God’s Architect: Pugin and the Building of Romantic Britain

God’s Architect: Pugin and the Building of Romantic Britain Rosemary Hill

(Allen Lane, £30)

In 1849, Pugin, lively champion of Gothic and by then already a household name, failed to be elected to the RA. He told his collaborator, the decorator Crace: ‘There is no likelihood of my ever having any letters after my name unless they are V.P. (very pointed).’ Although it was a bitter disappointment to this sensitive, driven man, it is strangely salutary to think how relatively difficult it is to name the RAs of the day, when Mr Pugin remains a household name for his ‘very pointed’ Gothic.

The designer of the stupendous detail and furnishings of the Houses of Parliament, as rebuilt by Sir Charles Barry, and of some of the finest Roman Catholic churches in Britain such as St Giles, Cheadle, which was paid for by the 16th Earl of Shrews-bury he was also a gifted, if sometimes contradictory polemicist. Despite his fame and his achievements, he has not until now been treated to a full biography (the nearest equivalent was M. Trappes-Lomax’s Pugin: A Medieval Victorian of 1932).

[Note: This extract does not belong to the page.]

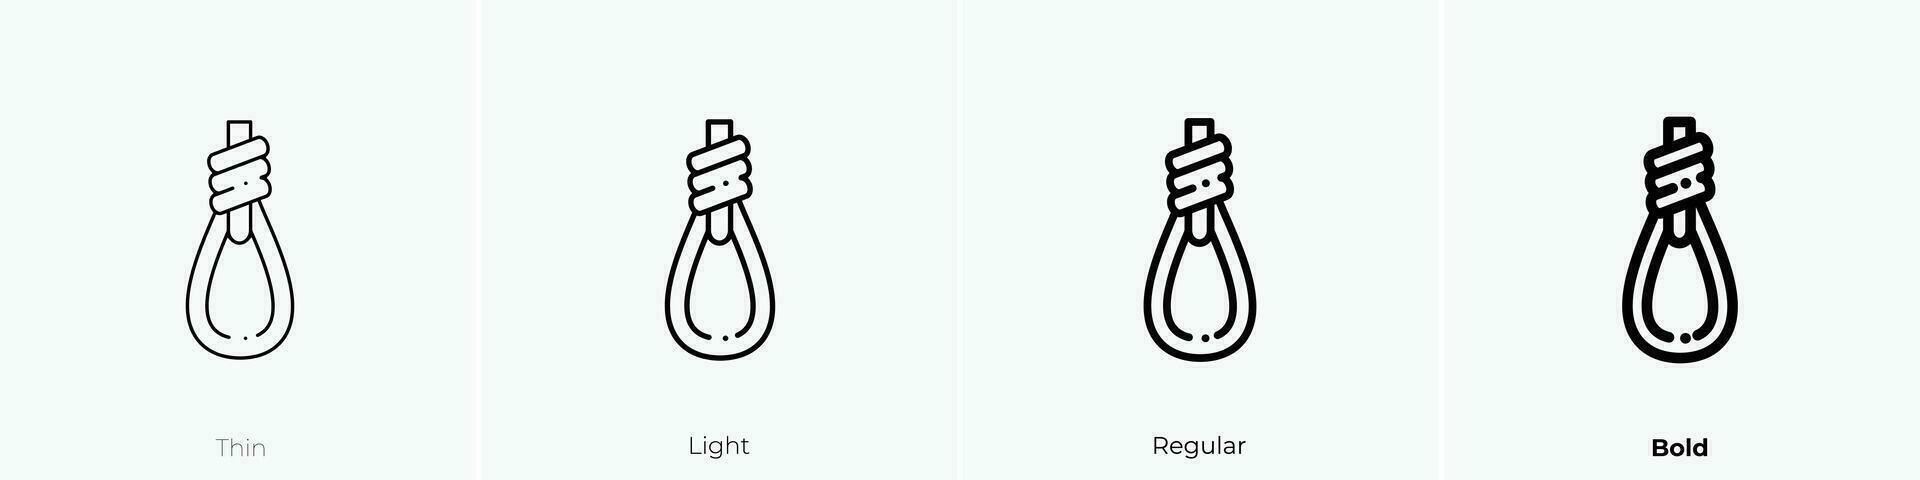 rope icon. Thin, Light, Regular And Bold style design isolated on white background vector

Rosemary Hill’s book is quite simply a masterpiece a beautifully crafted narrative account of the life of this complex and diverse genius who almost singlehandedly defined the Gothic Revival. And what a life it was: a short, creative whirlwind, he had designed Gothic-style furniture for Windsor Castle in his teens, and, by his untimely mental breakdown and death aged only 40, had changed the face of British architecture working in a frenzy and beset all the time by anxiety, tragedy (he was widowed twice) and ill-health (he told a friend that a doctor had told him in 1851 that he was ‘an example of a man who had lived 60 years in 40 and was now suffering for it’). In three years alone, he built 22 churches, three cathedrals, three convents and a Cister-cian monastery.

With exhaustive research, the author draws back the curtain on a huge amount of detail of Pugin’s life. She charts the influence of his émigré artist father, Auguste Pugin (the famed but not wealthy illustrator of Britton’s Architectural Antiquities of Great Britain and his own Microcosm of London), and the role of his remarkable mother, Catherine Pugin, who not only suggested the idea of the Microcosm, but also told her brilliant only son to write Contrasts, one of his most influential works.

There is a revealing passage from her letters, describing her and her son’s revulsion at the bad condition of Wells Cathedral, and their irritation with the self-indulgent clergy who either did nothing or employed ‘ignorant blockheads’ to repair it, and when ‘in confession they chant forth we have done what we ought not to have done and left undone what we ought to have done we can scarcely forbear casting our eyes around and responding you have indeed’.

A whole generation of architects was inspired by Pugin’s example and theories, in his books Contrasts and True Principles; George Gilbert Scott recalled that he had been ‘morally awakened’ to Pugin’s ideas, although, as Hill observes, Pugin spent his career caught between the contempt and the admiration of his peers. Also revealing is his early obsession with the theatre, where he became a scene painter. Grieve, his employer, recalled: ‘After he left me, he would often come into my painting room and in a few hours (if there was anything Gothic going on) do a surprising amount of work.’ Gothic became the mainstream of his life, from his early career as designer of interior detail and furniture for aristocratic patrons, such as Lord Shrews-bury at Alton Towers, to the design not only of churches, but of parsonages and priests’ houses, and his own unorthodox house The Grange at Ramsgate, which seems to prefigure so much that we associate with the Arts-and-Crafts house.

The author also explains lucidly his key role in the unfolding and complex drama of the early 19th-century Catholic Revival. Figures such as Pugin (a convert) held a vision of Catholic-ism based on a notion of the idealised English church of the Middle Ages, thus sharing and cross-pollinating with the Tractarian movement in the Anglican church, as other champions looked less to history and more to Rome (Newman and others became serious opponents of Pugin). Like all great biographies, this is a book which helps us understand more than just one life; it is a key to understanding the religion, art and design of our remarkable 19th century, when Britain led the industrial world.